I don't develop in JS so can't comment on DX there, but I've found the DX to be pretty good when using protobuf in other languages.
That's mostly been down to having IDE autocompletion for data structures and fields once the protobuf code's been generated.
For many JSON APIs I've worked with there's only been human readable documentation, making them more error prone to work with (e.g. having to either craft JSON manually for requests, or writing a client library if one doesn't already exist).
I think protobuf really works well on the backend and specifically with compiled languages like Go or C++ as per seen by the usage at Google and adoption of gRPC for Go based cloud tooling. Beyond that it's a huge failure. The generated code and usage for other languages is not idiomatic. In fact it's a hindrance and you can see that by the lack of adoption except by the largest orgs who are enforcing it using some sort of grpc-web bridge with types for the frontend. Ultimately you can just convert proto to OpenApi specs and do a much better job at custom client libs with that.
I'm not a frontend dev. Most of my time was spent on the backend but what I'll say is I much prefer the fluidity and dynamic nature of JavaScript and the built in ability to deal with JSON that naturally become objects. All the type stuff is easy to do but with docs you can get away with not needing it.
My feeling. Protobuf lives on for gRPC server side stuff but for everywhere else OpenApi is winning.

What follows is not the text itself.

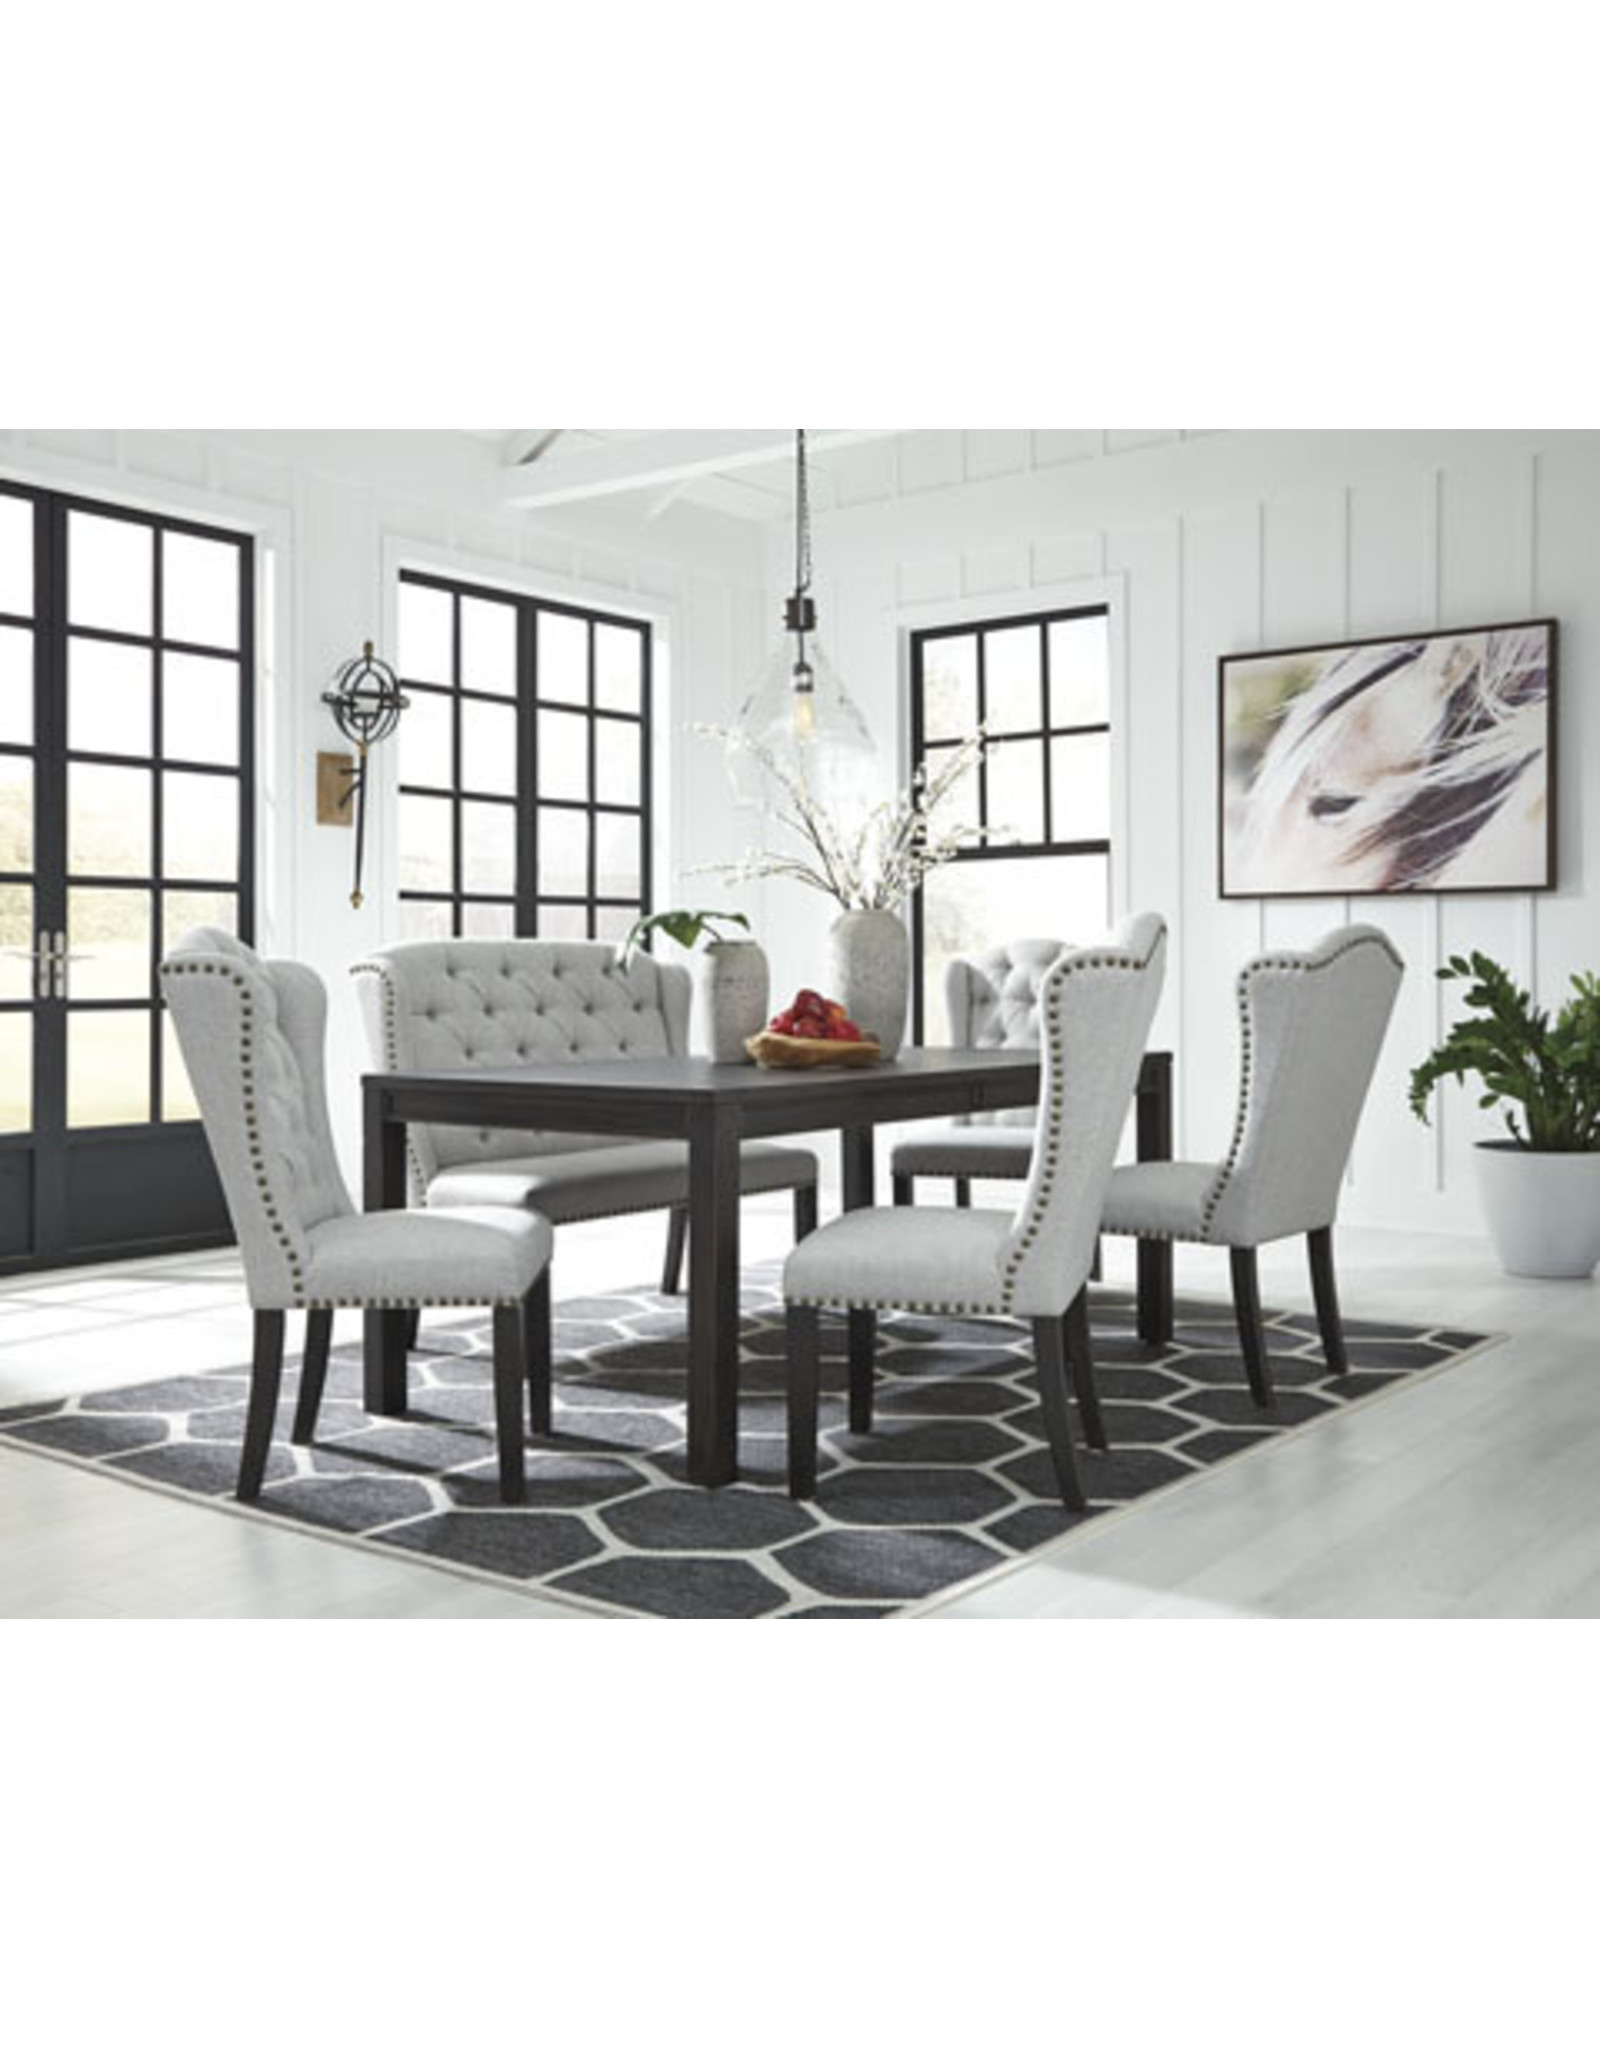 Jeanette D702 Table/4 Chairs & Bench

JSON parsing is a minefield, especially in cross-platforms scenarios (language and/or library). You won't encounter those problems on toy project or simple CRUD applications. For example, as soon as you deal with (u)int64 where values are greater than 2^53, a simple round-trip to javascript can wreak silent havoc.
Protobuf support for google's first-class citizen languages is usually very good, i.e. C++, Java, Python and Go. For other languages, it depends on each implementation.
As always, each protocol/data format has it's place. You need to maximize the amount of data you send in each packet? Then protobuf is better than JSON. Need to support large amount of clients without any fuzz? Then JSON is better. Wanna pass around data you don't know the schema of? JSON again.
Contexts matters, there is no silver bullets, everything has trade offs and so on, and so on.
JSON messages in a compressed websocket stream are surprisingly tiny. Bigger than compressed protobuf packets but not by much, and much smaller than uncompressed protobuf packets.
Honestly, gzipped json is likely much smaller than uncompressed protobuf.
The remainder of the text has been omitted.